In the 1993-94 season, the Panthers and the Mighty Ducks of Anaheim each won 33 times in 84 league games. The Knights (34-12-4, 72 points) won No. 34 in 50 games.
“It’s great,” coach Gerard Gallant said of the milestone. “But it doesn’t mean a whole lot right now to be honest with you. We’re just trying to battle to get two points every night. But at the end of the season we’ll look back on it and be happy.”
Perron, whose game-winner was his 13th goal, also assisted on Erik Haula’s second-period power-play goal. He said it’s better to wait until the end of the season and see what you accomplished before celebrating.
“Once we got to 30 wins, we knew we were going to get there,” he said of the record. “But it’s important that we keep looking at things day-to-day and keep trying to get better.”
The Knights were trying to hold on when Kyle Connor scored with 2:36 left to pull the Jets even 2-2 and get the crowd of 15,321 back into it. Winnipeg had four great opportunities to win it in overtime but Marc-Andre Fleury scrambled and dived to keep the puck out.
“It got a little hectic there,” said Fleury, who was knocked down during a scramble after Josh Morrissey’s shot teetered in the crease but was cleared by his teammates. “Guys were flying everywhere. But I love it and I was happy when David scored.”
Winnipeg took a 1-0 lead after Fleury misplayed the puck behind his net and Matt Hendricks pounced on it and passed to Joel Armia, who deposited it into a wide-open net 15:10 into the game.
“I should have moved it along quicker,” said Fleury, who made 24 saves for his 14th win of the year. “I waited too long.”
Reilly Smith tied the score at 12:10 in the second period with a short-handed goal. He checked Blake Wheeler off the puck in the Winnipeg zone, walked in and beat Connor Hellebuyck for his 14th goal as Colin Miller was in the penalty box for holding. It was the second straight game Smith had scored after going goal-less in his previous six.
Haula’s power-play goal with 1:30 remaining in the second period was challenged by the Jets. They claimed goaltender interference by James Neal as Haula put the loose puck past Hellebuyck. But the goal, Haula’s 19th, stood after review. It marked the fourth straight game in which Haula has scored.
The play didn’t sit well with Jets coach Paul Maurice.

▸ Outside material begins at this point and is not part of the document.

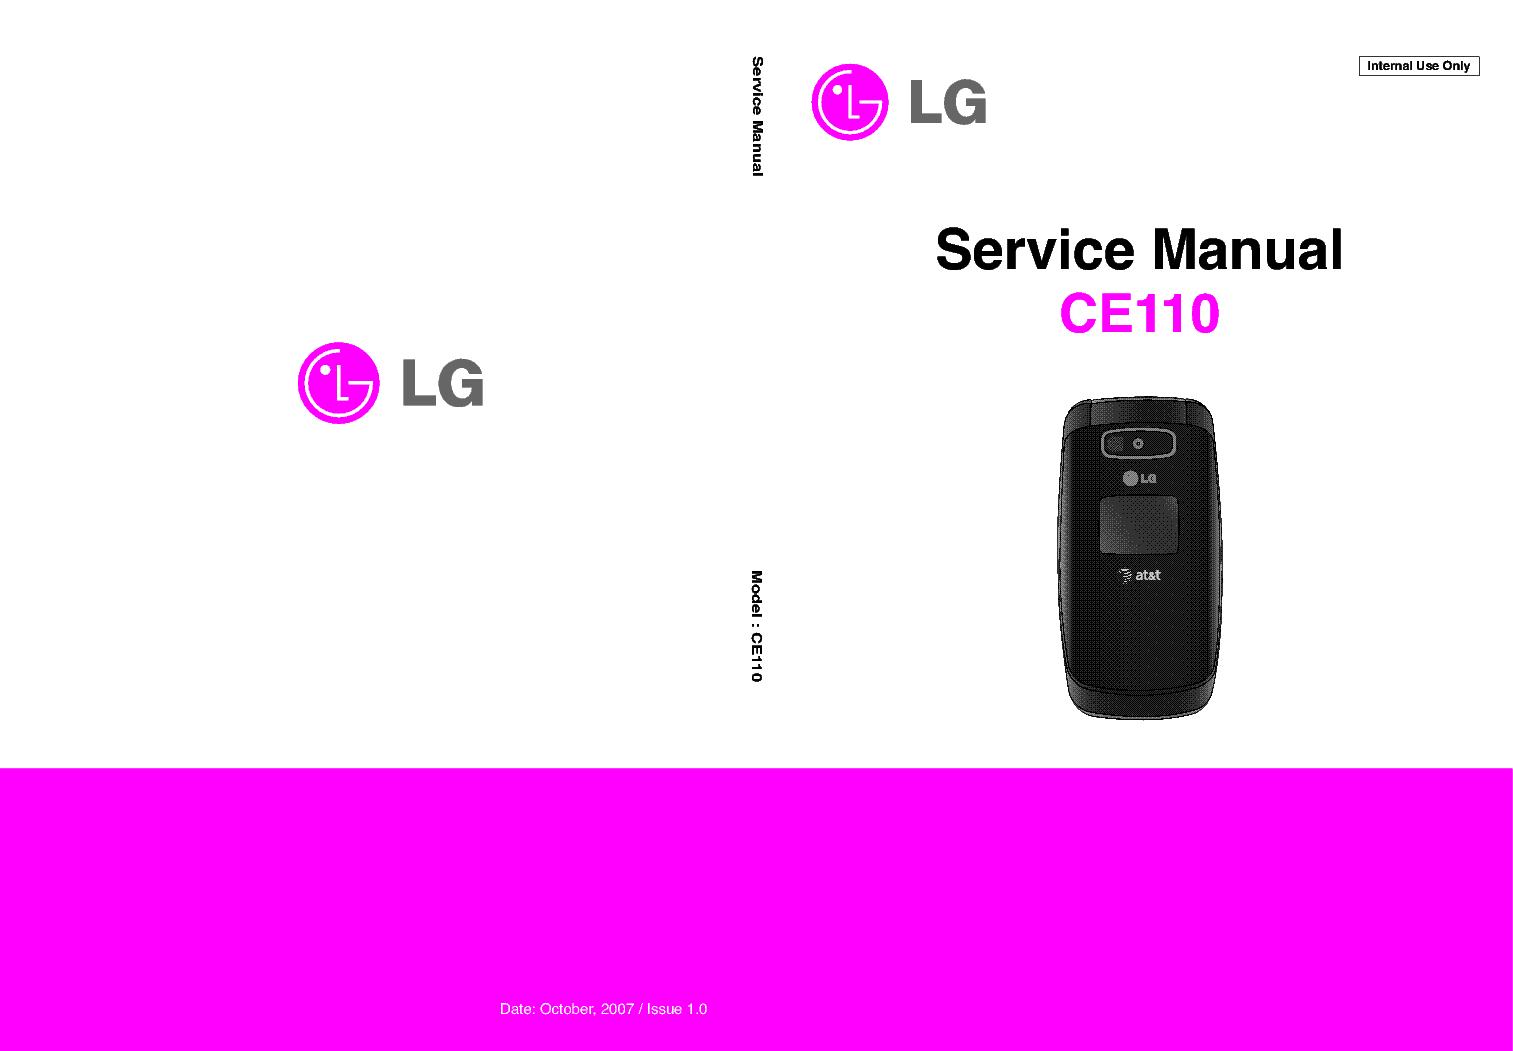 lg ce110 sm service manual download schematics eeprom repair info rh elektrotanya com Unlock LG CE110 AT&T LG Phones

“The goaltender interference rule covers anything that goes on,” he said. “We can’t have people swinging their sticks at goaltenders’ heads. You can’t have that in the game.”
Hellebuyck stopped 28 shots. But he couldn’t get to Perron’s wrist shot in OT, which made franchise history and gave the Knights a 2-0 start on a six-game road trip.
“Right now, we’re pretty good and we’re finding ways to win,” said forward Jonathan Marchessault. “We just think of the next battle, and we just have to keep going.”
1. Special teams excel. The Knights scored a power-play goal for the fifth straight game and killed off all three penalties against the NHL’s second-best power play Thursday. “If your special teams are playing well, you’re probably going to win a lot of hockey games,” Knights coach Gerard Gallant said. His team’s special teams are indeed playing well right now.
2. Top guns silent. The Jets’ top scorers Blake Wheeler and Patrik Laine were held off the scoresheet as the Knights did a good job of working to keep them from dominating. The duo were limited to just three shots combined.
3. Heavy game. There were 45 hits registered by the two teams and a lot of big hits from both sides throughout. The Knights wound up taking the regular season series, 2-1, and if these teams were to meet in the playoffs, it would be a heck of a series. They’re evenly matched and it would make for some compelling hockey.